Progressive attempted to offer into evidence the photographic lineup. Kikendall objected asserting that Cousin, Sr. should be the one to testify concerning the lineup identification and not Detective Edwards. Progressive argued that the evidence was admissible because Cousin, Sr. was deceased. The trial court allowed the evidence to be introduced subject to the objection.
Progressive contends on appeal that the trial court did not rule on the admissibility of this evidence at trial and, after receiving the post-trial memorandums, apparently disallowed this evidence because no mention of it was made in reasons for judgment. Progressive contends that the district court erred in not considering this evidence.
Hearsay evidence is generally described as testimony in court, or written evidence, of a statement made out of court, the statement being offered to show the truth of matters asserted therein and thus resting for its value upon the credibility of the out-of-court asserter. State v. Hayes, 414 So.2d 717 (La.1982); State In Interest of Clark, 400 So.2d 334 (La.App. 4th Cir.1981). Such evidence is generally inadmissible as being unreliable because it is based on statements made by persons who are not before the court, have not been sworn and are not available for cross-examination. Lasalle Pump & Supply Co., Inc. v. Louisiana Midland Railroad Co., Inc., 433 So.2d 745 (La.App. 3rd Cir.1982), writ denied, 435 So.2d 450 (La.1983); Jones v. Ledet, 383 So.2d 1308 (La.App. 3rd Cir.1980). There are well-recognized exceptions to the hearsay rule. Declarations by a deceased person which are admissible as exceptions to the hearsay rule are dying declarations, statements against interest and, in limited instances, statements pertaining to family history, relationship and pedigree. Miller v. Miller, 226 La. 273, 76 So.2d 3 (1954); Whittington v. Sowela Technical Institute, 438 So.2d 236 (La.App. 3rd Cir.1983), writs denied, 443 So.2d 591, 592 (La.1983); Baker v. Life General Security Insurance Company, 405 So.2d 1162 (La.App. 1st Cir.1981); D. Binder, The Hearsay Handbook (1975); McCormick's Handbook of the Law of Evidence (E. Cleary 2nd ed. 1972). 1
In the instant case, Progressive attempted to introduce the evidence to show the truth of matters asserted, i.e., that Tommy Kikendall was in a tan pickup truck on Sunday afternoon in the Fish Hatchery Road area where the Kikendall truck was eventually found. Detective Edwards' testimony concerning Cousin Sr.'s identification of Tommy Kikendall is hearsay. The statements made by Cousin, Sr. to Detective Edwards concerning the photographic lineup identification do not come within any of the hearsay exceptions applicable to declarations by a deceased person. Accordingly, Detective Edwards' testimony concerning statements made to him by Cousin, Sr. is inadmissible hearsay. This specification of error is without merit.

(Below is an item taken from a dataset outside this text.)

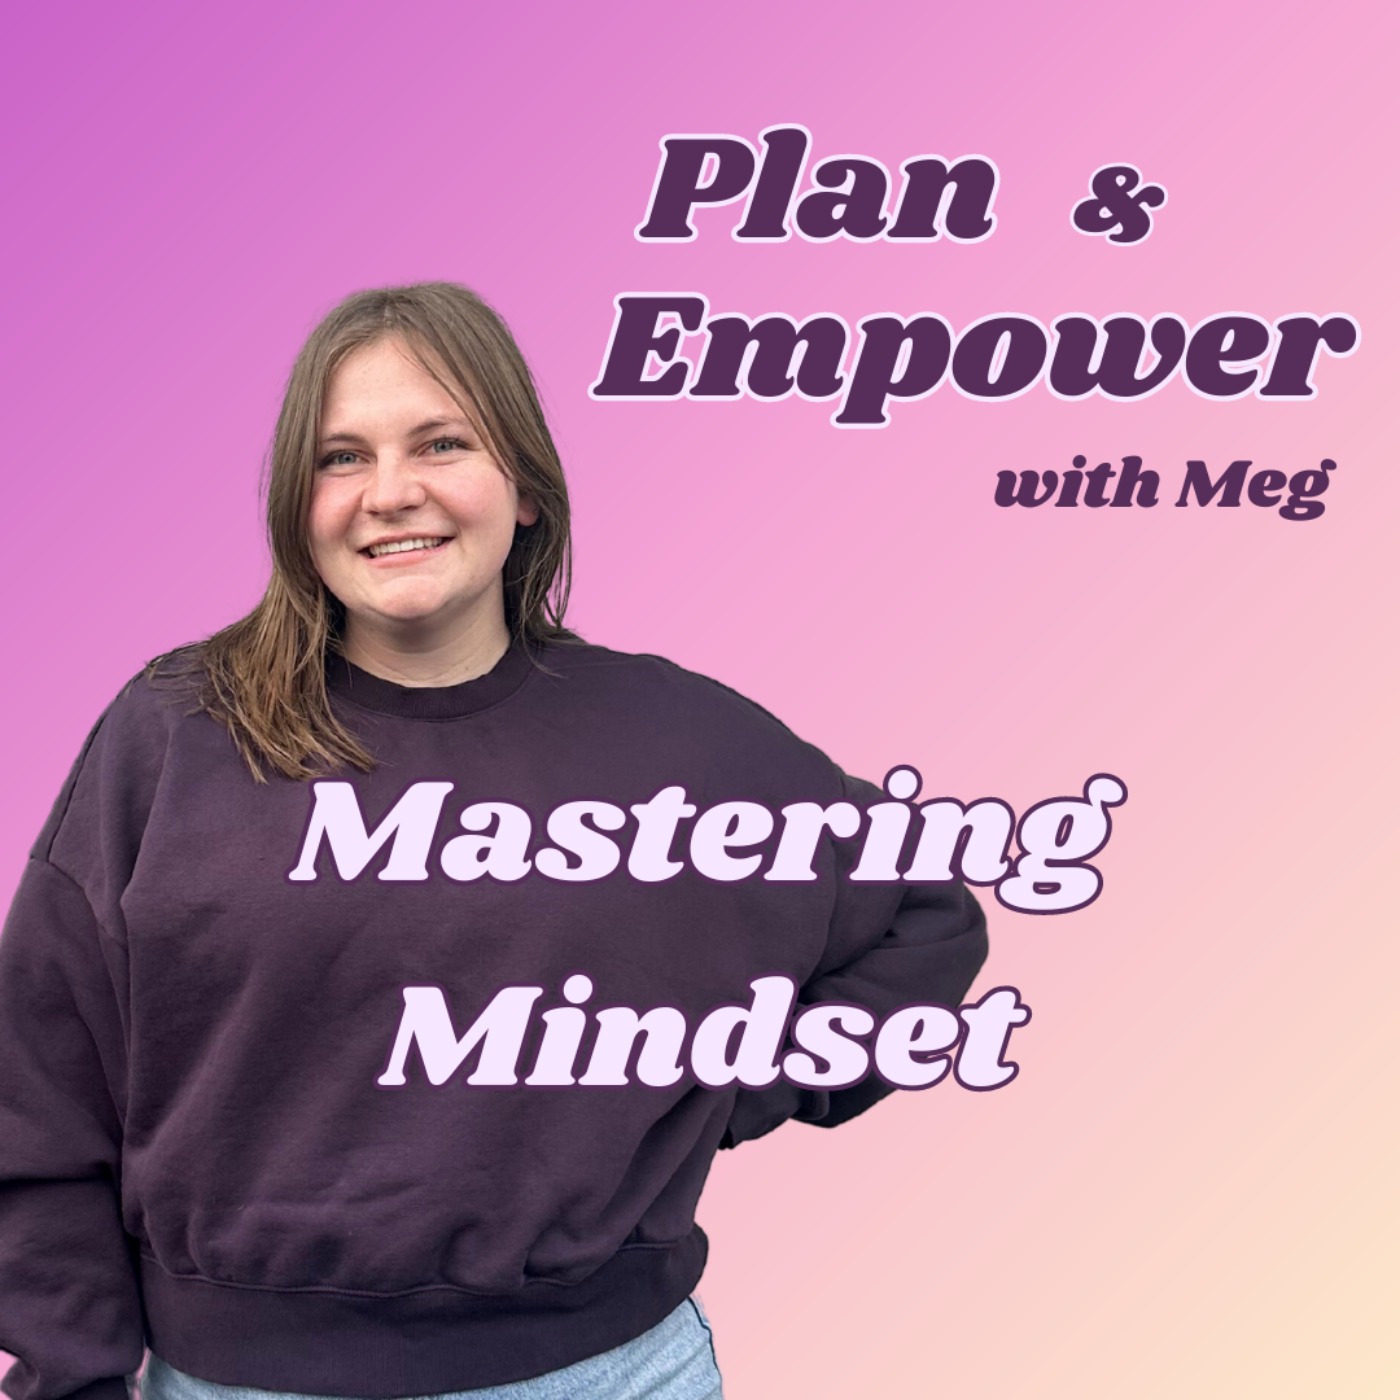 Mastering Mindset: Part 3 - Confidence Through Action

Mrs. Kikendall completed and mailed to Progressive an "AFFIDAVIT OF VEHICLE THEFT" in which she claimed $10,568.65 for the theft of her vehicle. 2 The insurance policy issued by Progressive contained the following coverage for theft of the vehicle:
PART III--PHYSICAL DAMAGE
Coverage D--Comprehensive. To pay for direct and accidental loss of or damage to the automobile due to any cause, except collision or upset. For the purposes of this coverage it is understood that damage caused directly by tornado, cyclone, windstorm, hail, any falling object, and damage resulting from theft, breakage of glass, earthquake, explosion, riot, insurrection or civil commotion, shall not be deemed a loss caused by collision or upset.